Nigdy nie przygotowywałem się do niewoli i nie potrafiłem sobie wyobrazić, że coś takiego mi się przydarzy. Rozumiałem, że mogę zginąć, ale o niewoli nawet nie myślałem

Przedzierając się, jechałem z moimi ludźmi BTR-em [pojazd opancerzony produkcji radzieckiej – red.], za mną jechała nasza ciężarówka z personelem. W BTR-ze byli sami oficerowie. Zostaliśmy ostrzelani z granatników, wóz się przewrócił, ale wszyscy przeżyli. Straciłem przytomność. Kiedy doszedłem do siebie, próbowałem wyjść z pojazdu, ale Rosjanie zaczęli do nas strzelać. Potem ruszyli do ataku i wzięli nas do niewoli. Spędziłem w niej 29 miesięcy.

Rosjanie, którzy nas pojmali, byli zawodowymi żołnierzami, znającymi wojskowy porządek. Traktowali nas normalnie. Nikt nawet nie związał nam rąk, dali nam jeść. Potem przyjechały zwykłe autobusy i nas zabrali. I dopiero kiedy przywieziono nas do strefy w Ołeniwce, zaczęła się „prawdziwa niewola”. Delikatnie mówiąc, traktowali nas tam strasznie.
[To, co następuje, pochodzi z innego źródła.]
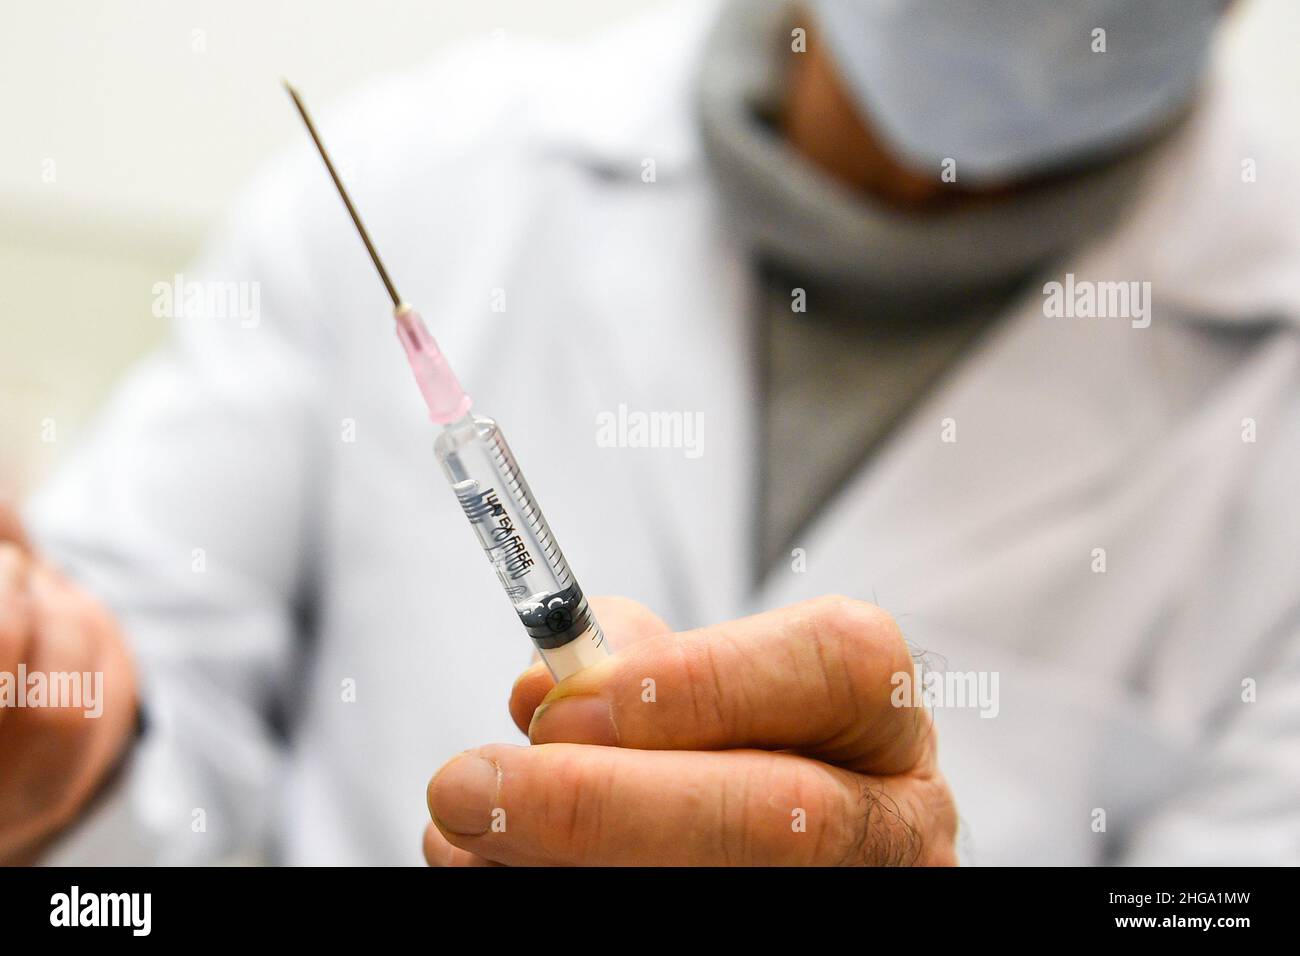 Illustration picture shows a general practitioner practicing vaccination in his office, holds a syringe with the vaccine, before vaccinate a patient r Stock Photo

W tak zwanej prijomce, czyli punkcie przyjęć, kazali nam się rozebrać, obfotografowali nas, skatowali, a dopiero potem wysyłali do baraku

Barak był przeznaczony dla 200 osób, ale było nas tam 800. Nie było nic – ani jedzenia, ani lekarstw. Byliśmy bardzo głodni. Potem zaczęli nas karmić: śniadanie o drugiej w nocy, obiad o północy, a kolacja o czwartej rano.

Mówili, że nas torturują i okaleczają, żebyśmy nigdy więcej nie poszli na wojnę.
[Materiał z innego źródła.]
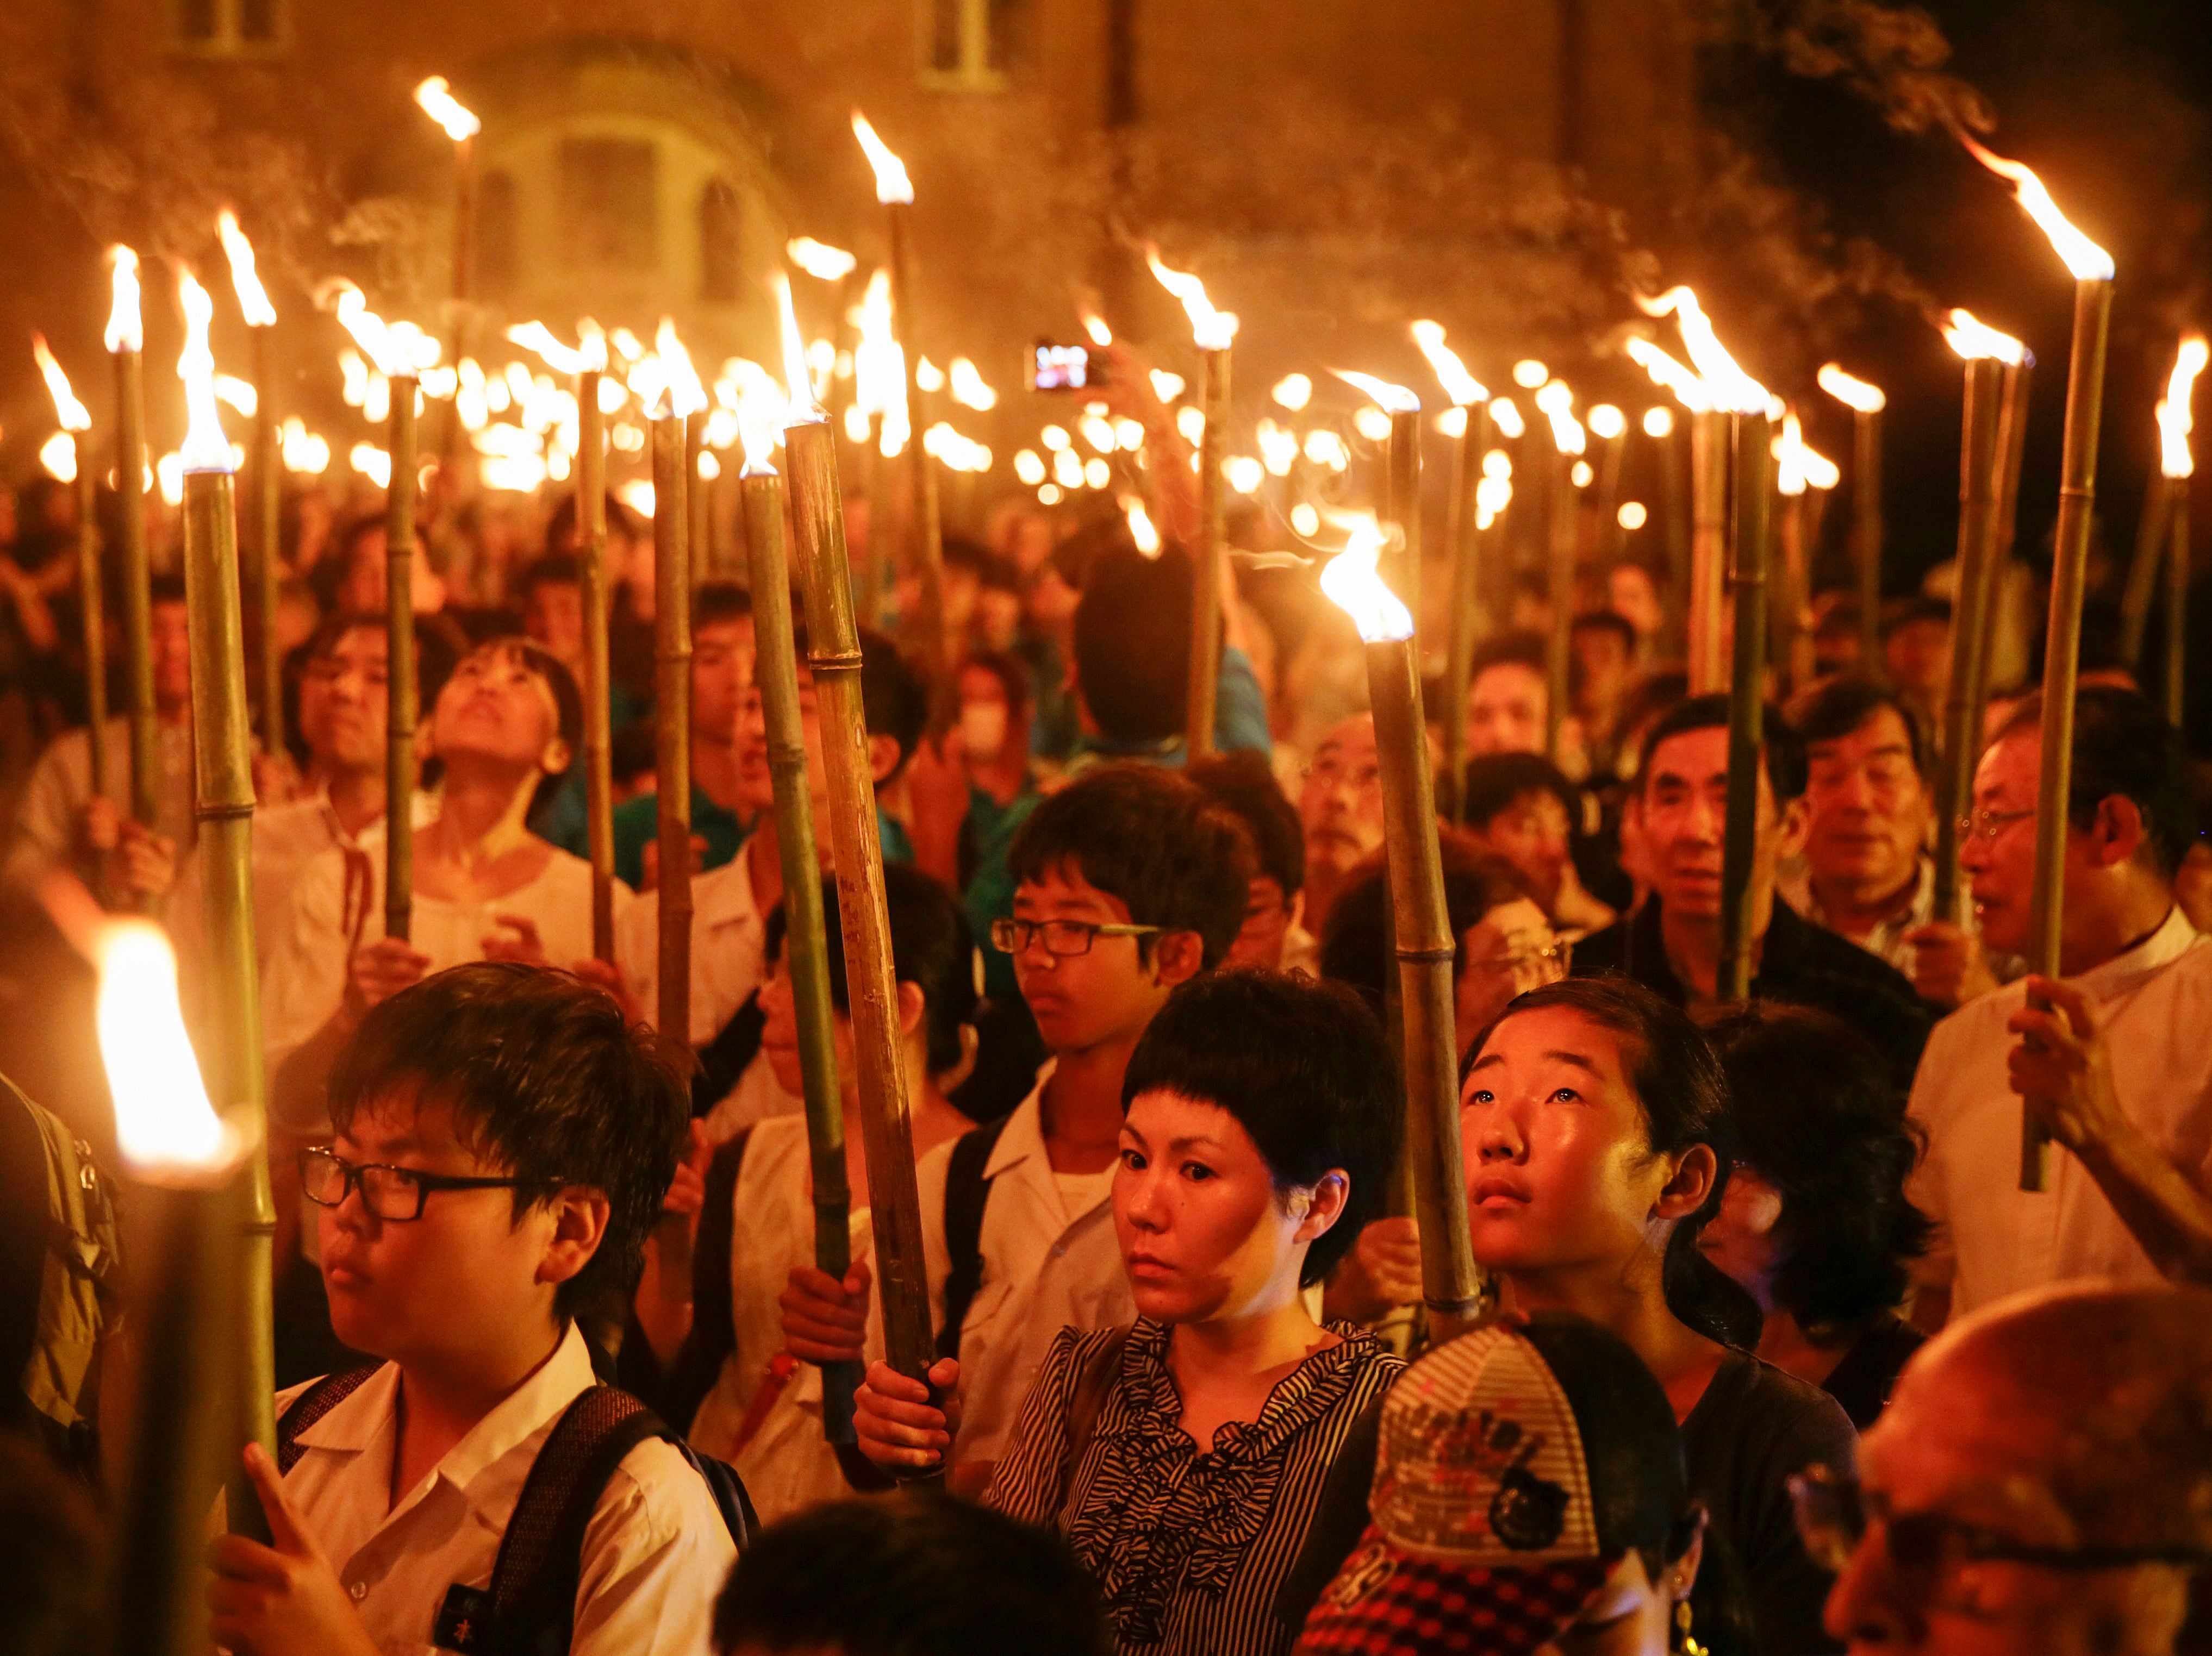 Catholics taking part in a torchlight procession from Urakami Cathedral to the Nagasaki Peace Park in south-western Japan on Sunday to remember the victims of the atomic bombing of Nagasaki on Aug 9, 1945.

Nie wszyscy ludzie są odporni na stres, nie wszyscy to wytrzymali. Torturowali nas prądem, bili. Wymyślali też różne oryginalne rodzaje tortur. Mówili nam, że dzisiaj będzie eksperyment, bo mają dla nas nową torturę.

Byliśmy w Ołeniwce, kiedy Rosjanie wysadzili barak z ukraińskimi żołnierzami. Podłożyli ładunki wybuchowe, kazali przenieść tam ludzi, a w nocy wszystko wysadzili. Nasi jeńcy wojenni, którzy pracowali w stołówce, słyszeli, jak rozmawiali funkcjonariusze DRL [samozwańcza prorosyjska Doniecka Republika Ludowa – red.] rozmawiali ze sobą, że przygotowali barak daleko w strefie przemysłowej i specjalnie przenieśli tam żołnierzy Azowa. Wybrali charyzmatycznych i zdolnych do przewodzenia ludzi. Nasi przyjaciele, którzy potem wyciągali stamtąd rannych i zabitych towarzyszy, opowiadali, że po wybuchu dach i ściany zostały wręcz rozniesione przez odłamki. Wyraźnie było widać, że wybuch nastąpił od wewnątrz.
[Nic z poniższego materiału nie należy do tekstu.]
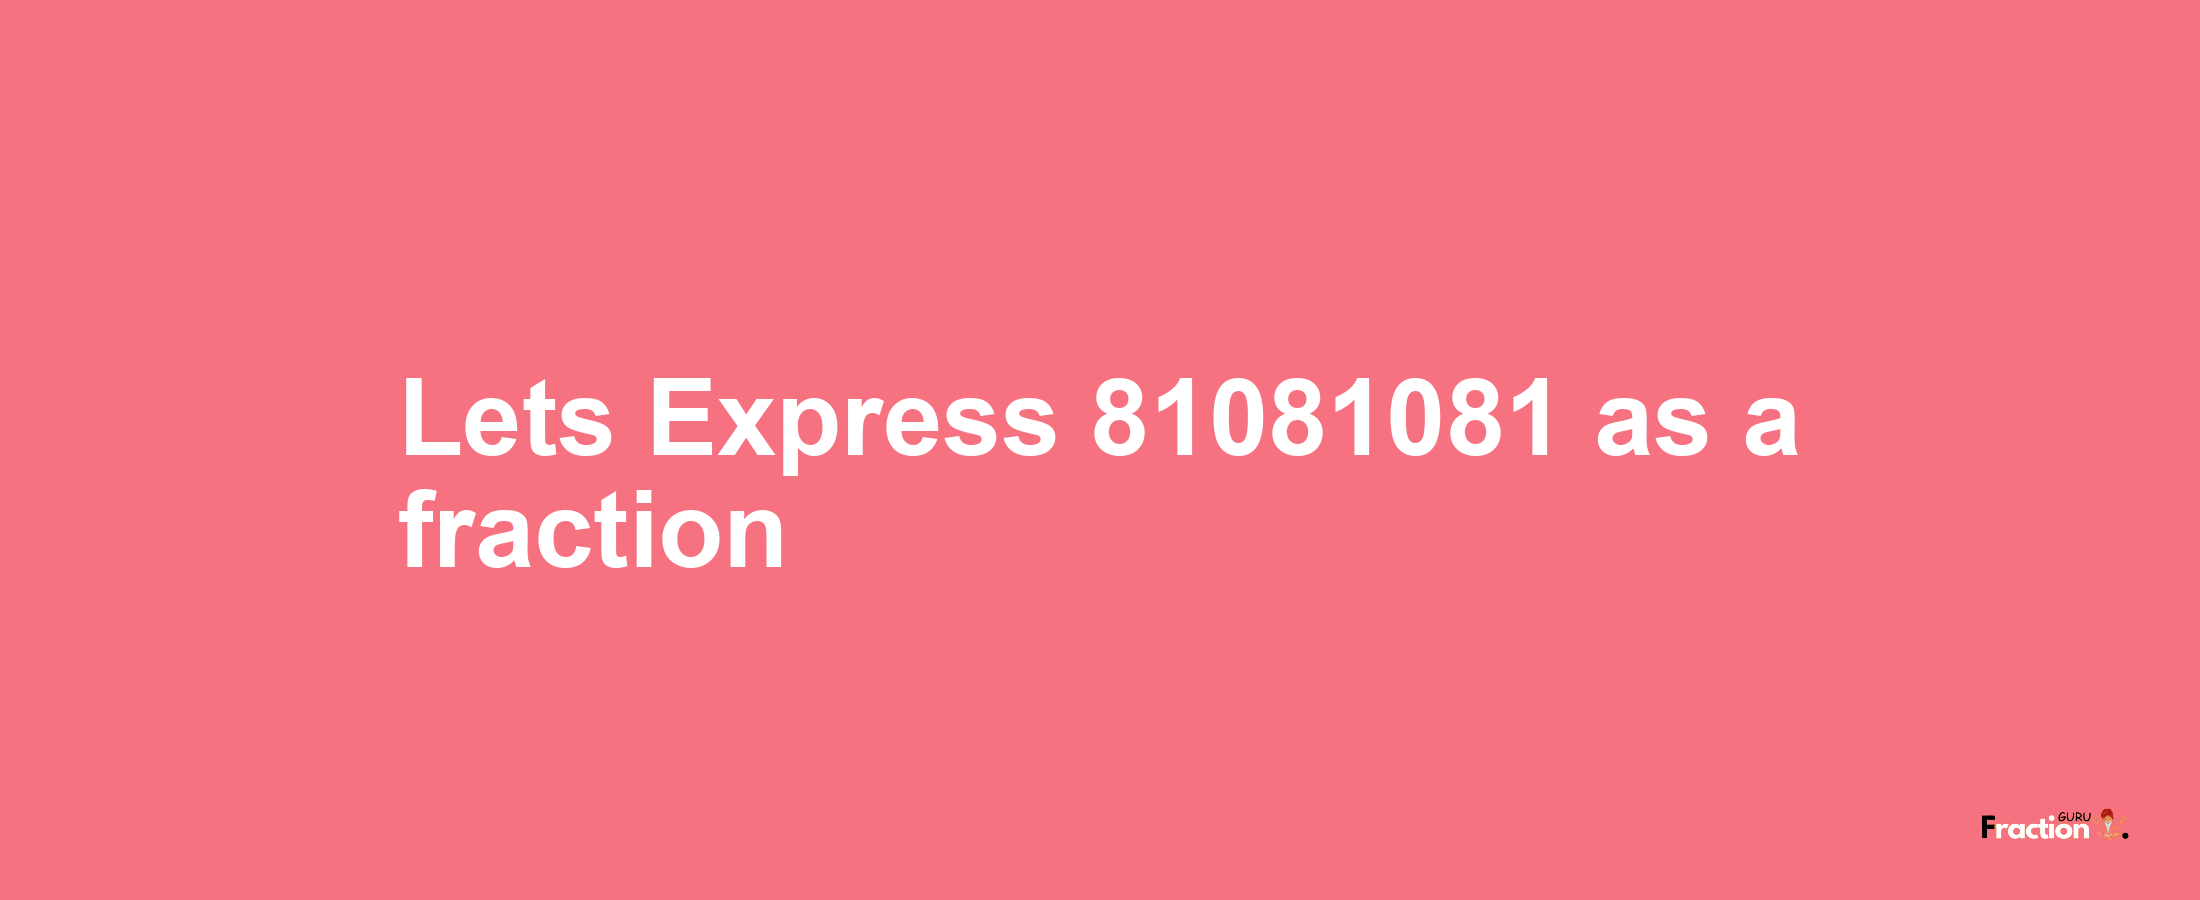 Lets Express 81081081 as afraction

Nikt nie spieszył się z pomocą naszym chłopakom, kiedy wołali pomocy. Palili się żywcem. Dopiero po dwóch godzinach wysłano tam naszych medyków, też jeńców. Widziałem tych, którzy przeżyli. Poparzeni, cali we krwi.

Człowieczeństwo było karane

W niewoli panowała całkowita izolacja informacyjna. Przez pierwsze pół roku byliśmy pełni optymizmu, że wkrótce nas uwolnią. Ale mija rok, półtora roku, a ty myślisz już tylko o tym, jak sprawić, żeby życie w niewoli było choć trochę lepsze. Nikt z naszych bliskich nie wiedział nic o naszym losie, a my nie wiedzieliśmy nic o ich losie.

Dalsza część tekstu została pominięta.